I don't know if the answer is right... I'm rusty with my chemistry... but as far as the algebra for this part is concerned, the math is right.

7. Oct 15, 2007

### xiao

lol i know it means 382865.6041 Jouels per kilogram
382865.6041 Jouels is a HELL load of jouels to melt ice in water at room temprature
382865.6041 Jouels is like wat ur house used in 2 weeks (just guessing)

8. Oct 15, 2007

### learningphysics

yeah... it's basically the same as what you did...

0.01258L + (-581.196) = 4235.2563

0.01258L + (-581.196) - (581.196) = 4235.2563 - (-581.196)

0.01258L = 4816.4523

which gives the same answer you got.

9. Oct 15, 2007

### xiao

thanx mate even tho the answer is wrong atleast the math is write so i can put that in my Conclusion but thanx alot for the help

i still have to do the following experiment
combustion of fules
something on electricity
something on water turbines
something on solar energy
biodiesel

so i will be here much more to get help with my results :P

then after that i am freeeeeeeeeeeeeeeeeeeeeeeeeeee from anykind of science

10. Oct 15, 2007

### learningphysics

I don't know. This webpage:

http://www.physchem.co.za/Heat/Latent.htm [Broken]

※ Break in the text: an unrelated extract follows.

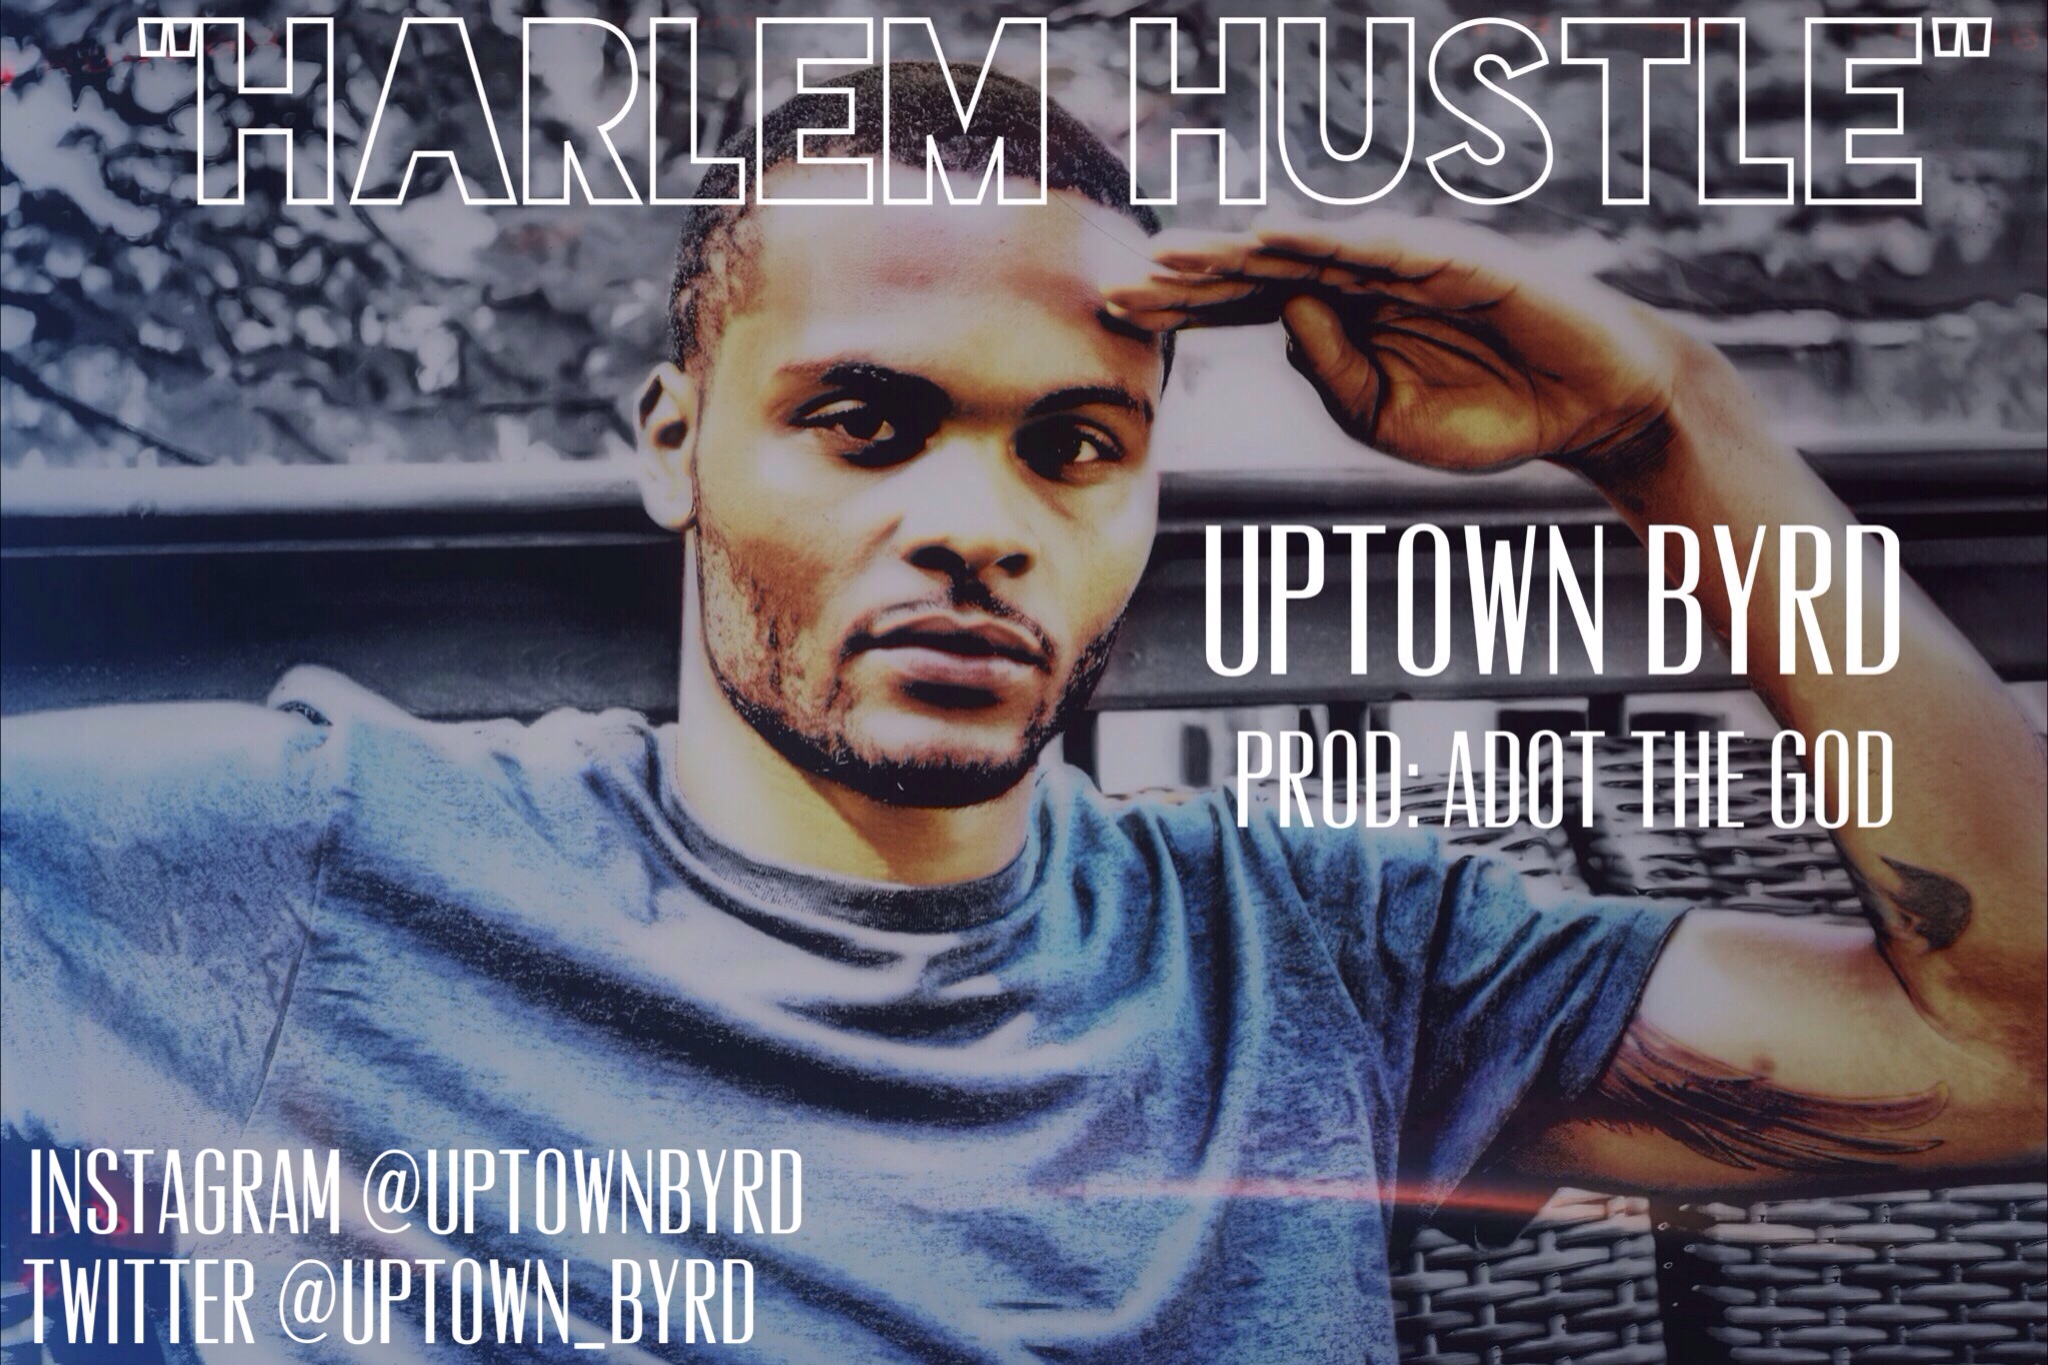 uptown-byrd-harlem-hustle-prod-adot-god-HHS1987-2013 Uptown Byrd (@Uptown_Byrd) - Harlem Hustle (Prod by ADot The God)  
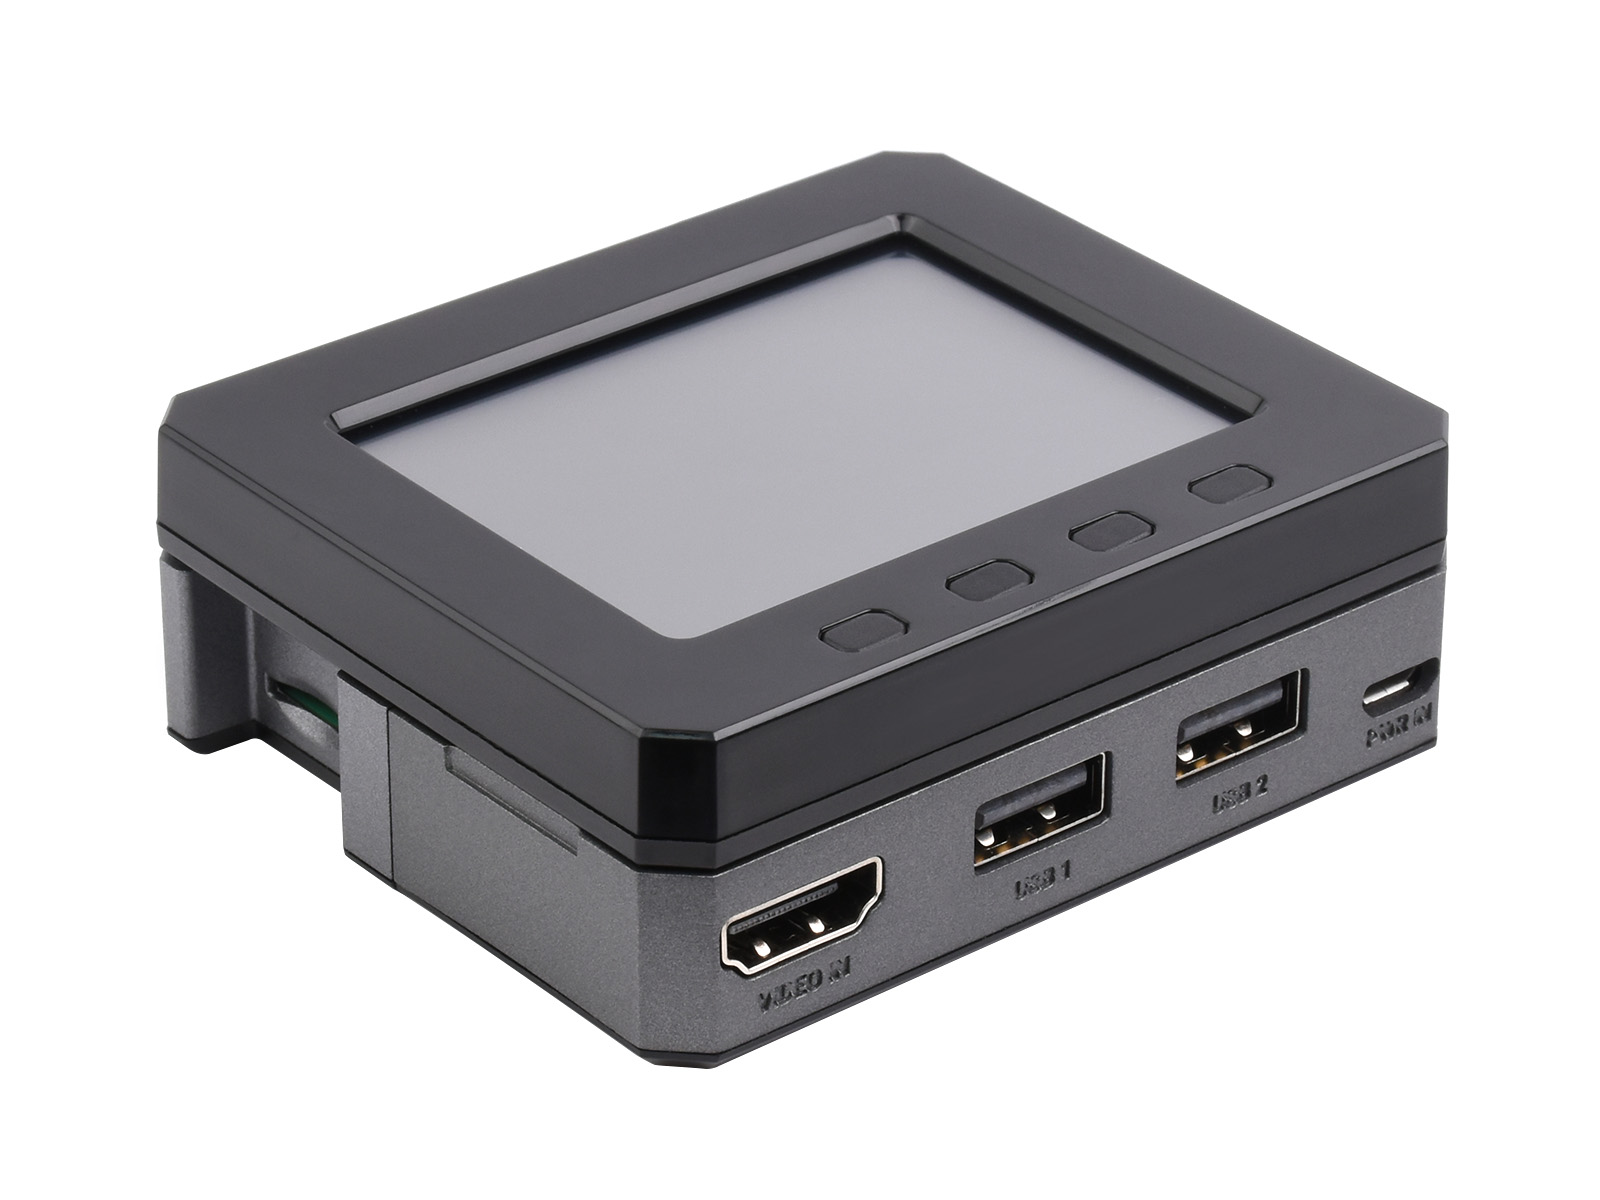 树莓派Zero POD套件B 含HDMI/USB扩展模块+Zero POD外壳+2.8寸LCD模块 适用于树莓派Zero/Zero 2 W系列主板

gives the latent heat of ice as 334 kJ.kg-1 = 334,000J/kg, which is not that far off from what you have.

Last edited by a moderator: May 3, 2017
11. Oct 15, 2007

### xiao

lol by bad wooooohooo i did it

Last edited by a moderator: May 3, 2017
12. Oct 15, 2007

### learningphysics

:) good job. seems like it was a tough experiment! I was terrible at chemistry.

13. Oct 15, 2007

### xiao

the expirment was easy just melt ice in water in room temp untill u reach a certian temp

but i find physics hard even the basics like this coz this is ment to be basic and i am not even a science student i am doing my BA in international relations and politics

14. Oct 15, 2007

### learningphysics

You'll usually be able to get lots of help here. good luck!

15. Oct 15, 2007

### learningphysics

shouldn't the left side of this equation be:

12.58g x L (?) +12.58g x 4200 Jkg-1K-1 x (21°K) ?

because the ice is initially at 0°C... and this water that is from the melted ice goes to a final temperature of 21°C from 0°C.